At any time, the probability of hitting the intended key is 50%, and the probability of hitting the neighboring keys is 25%. For example:

$$ P(E | X = \mathrm{B}) $$

<table>
<tr> <td>0.25</td><td>0.5</td> </tr> 
<tr> <td>0</td><td>0.25</td>  </tr>
</table>

We will construct a filtering model for constructing the belief state for this problem.

#### Question 2 (1 point)

Assuming a uniform prior distribution, calculate the condition probability table (CPT) of $P(X=x | E=e)$ for all $x$ and $e$. 

#### Question 3 (2 points)

Now let the prior distribution be:


| x  |  P(X=x) |
|---|---|
|A | 0.4 |
|B | 0.2    |
|C | 0.1    |
|D | 0.3    | 

Calculate the CPT $P(X=x | E=e)$ for all $x$ and $e$. 
 
#### Question 4 (3 points)

Consider the following transition model:

$$P(X' | X)$$


|   |  A' | B' | C' | D' |
|---|---|---|----------|
|Begin | 1| 0| 0| 0| 
|A | 0.5 | 0.5 | 0 | 0 |
|B | 0.0 | 0.5| 0.5| 0|
|C | 0.5 | 0| 0| 0.5|
|D |  0.25   |0.25 |0.25 | 0.25|

For this problem we are concerned with true (hidden) state sequences, as opposed to observations.

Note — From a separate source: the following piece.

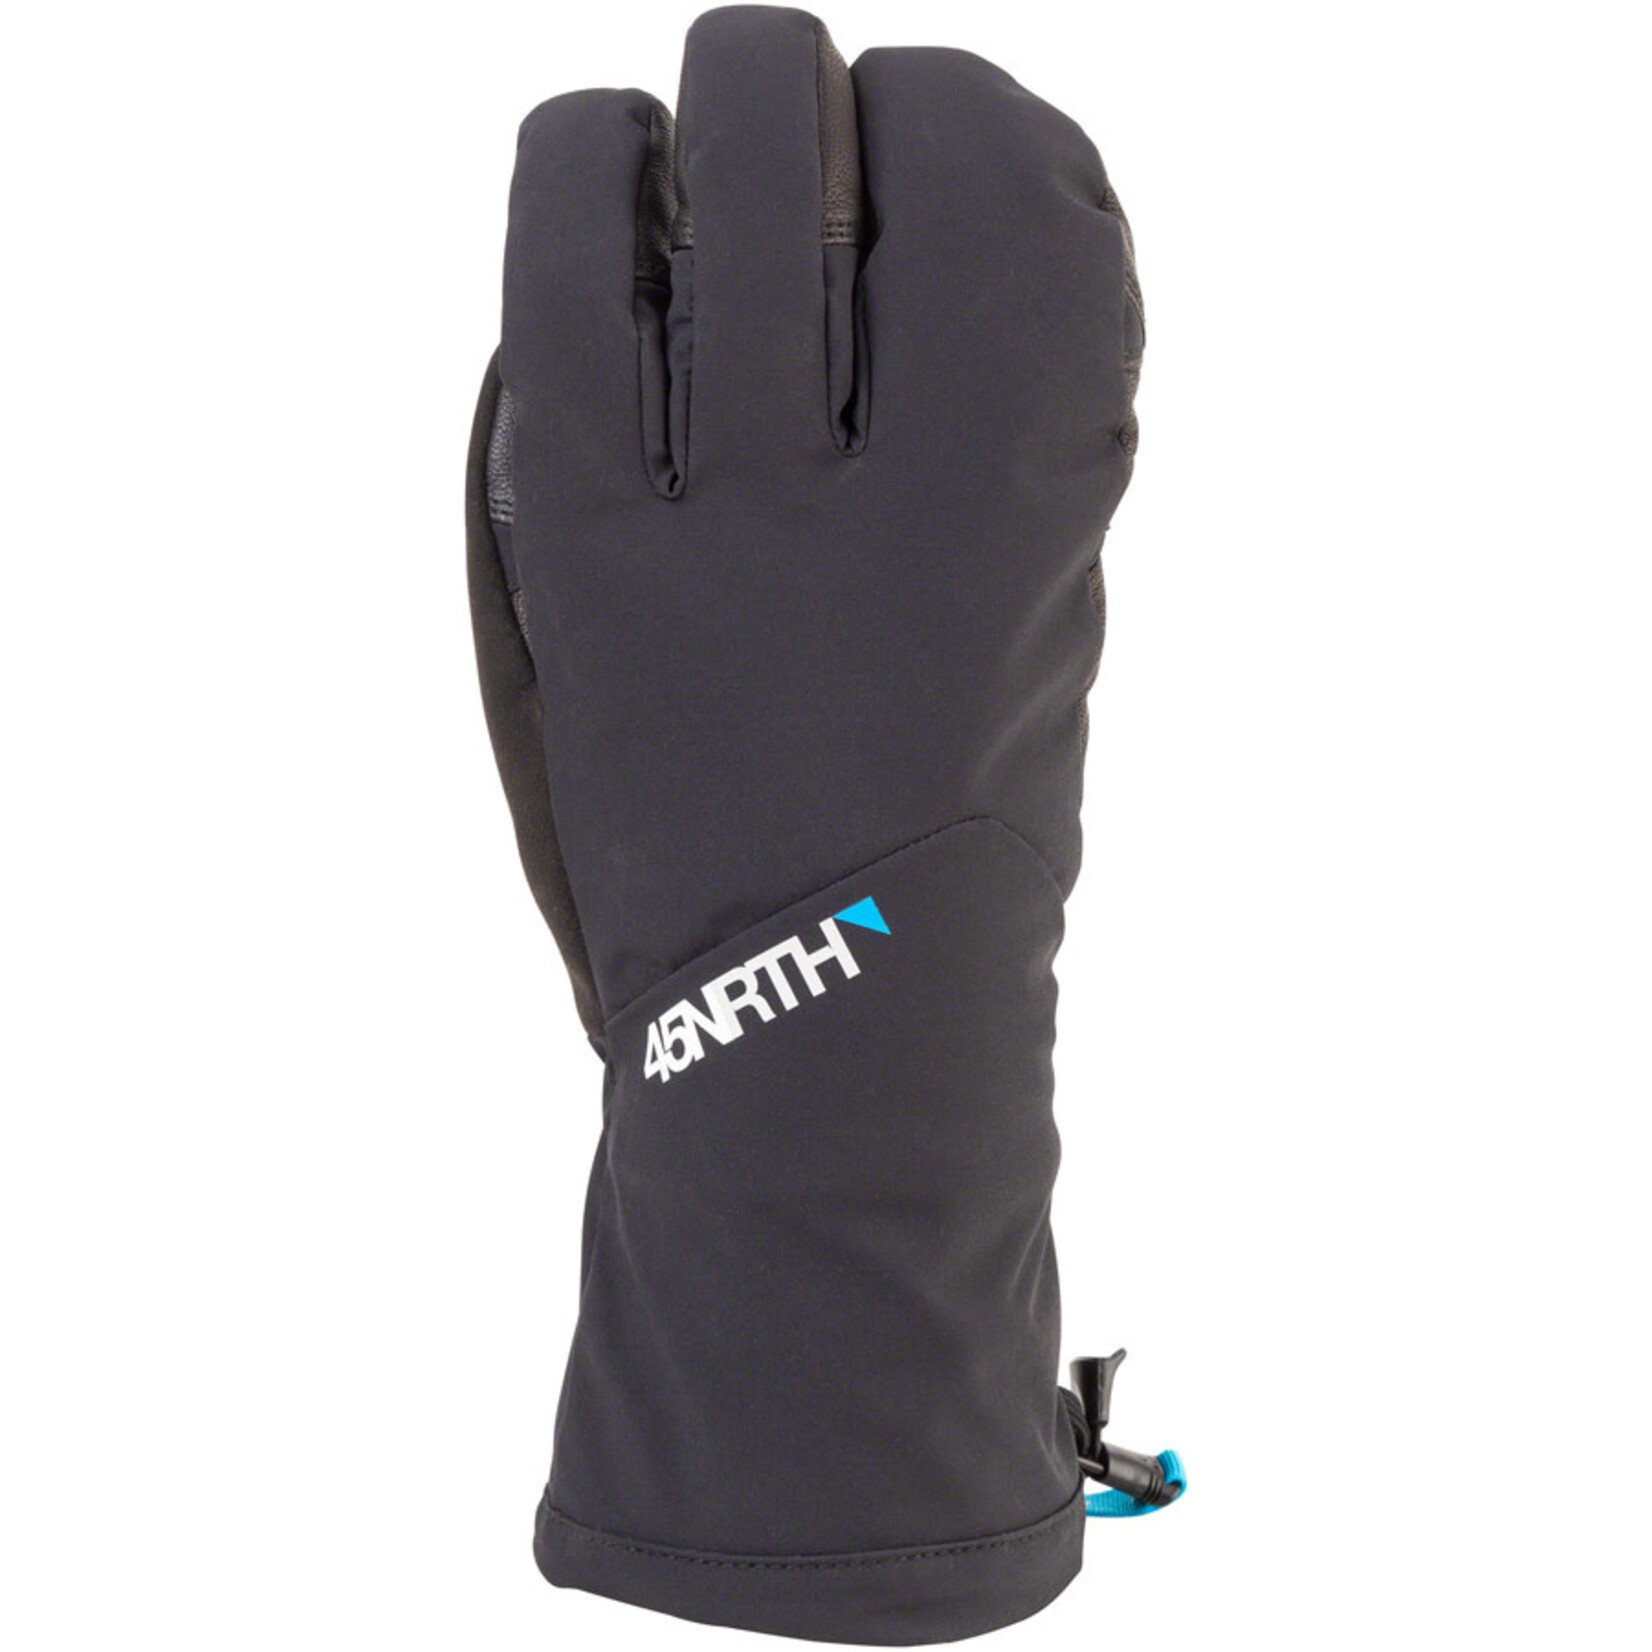 45NRTH 45NRTH Sturmfist 4 Finger Glove - Black, Full Finger, Large (9)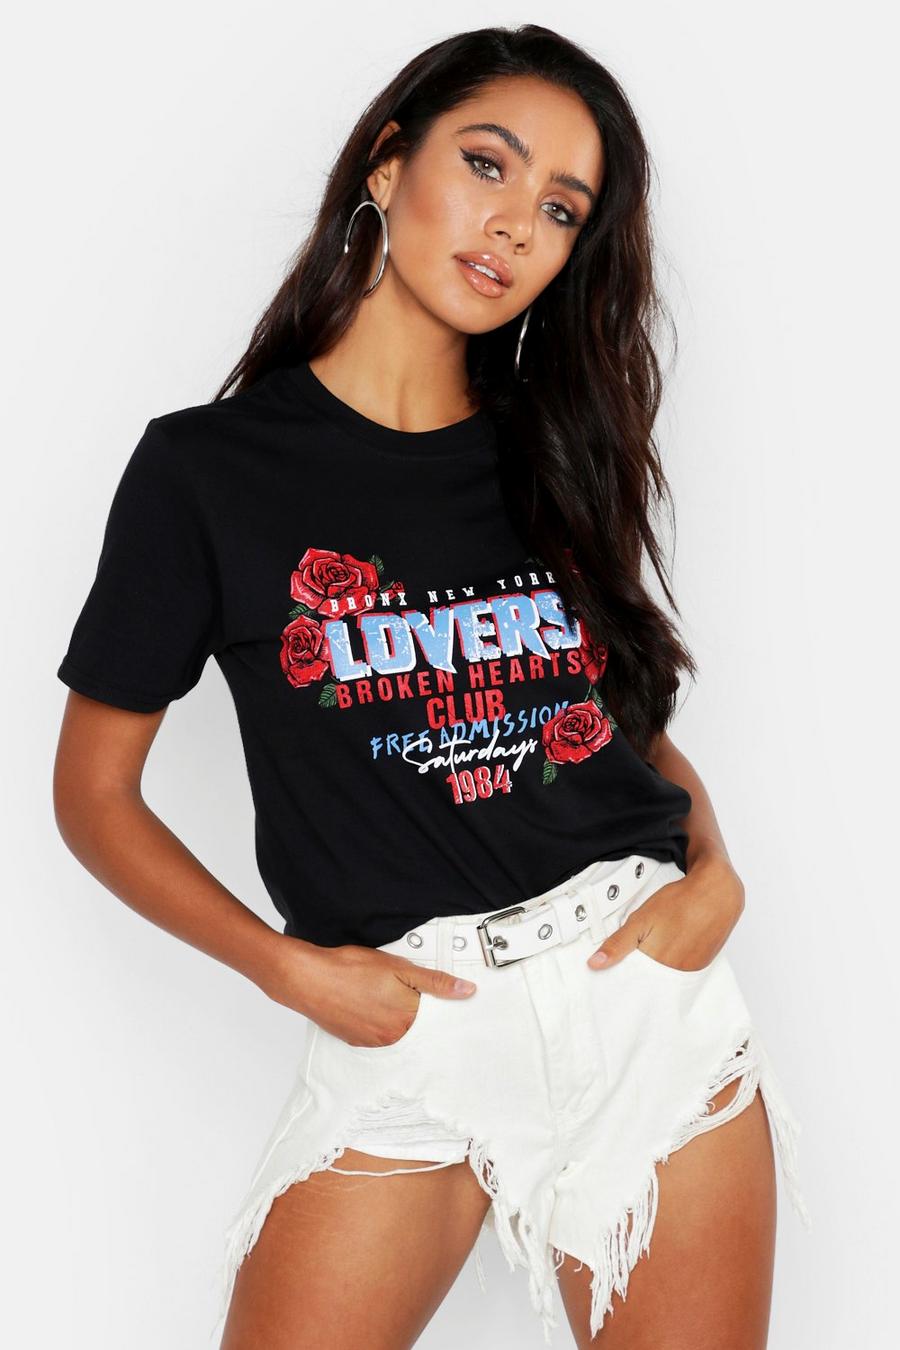 Camiseta extragrande de banda “Broken Hearts Club” image number 1

What is the probability under this model of the sequence of letters "A B B C D"? How about "A A B A"? What is $P(X_3=x | X_1 = \mathrm{A}, X_2 = \mathrm{B})$ for all $x$?


#### Question 5 (3 points)

Finally we consider the full filtering problem in which we compute $P(X_n | E_1, \ldots, E_n)$. Let "A B B C D" be the sequence of observed key strokes. What is the current belief state of the model? That is compute $P(X_n = x | E_1 = \mathrm{A}, E_2=\mathrm{B}, E_3=\mathrm{B}, E_4 = \mathrm{C}, E_5=\mathrm{D})$ for all $x$ and $n = 2, 3, 4, 5$.

---------

### Robotic Motion Planning (3 points)
#### Question 6 (3 points)
Describe using pseudocode an RRT-based planning algorithm that uses more than two trees. Make sure to consider issues such as the maximum number of allowable trees, when to start a tree, and when to attempt connections between trees.

What are the types of problems for which this algorithm would perform better than RRT or bi-directional RRT?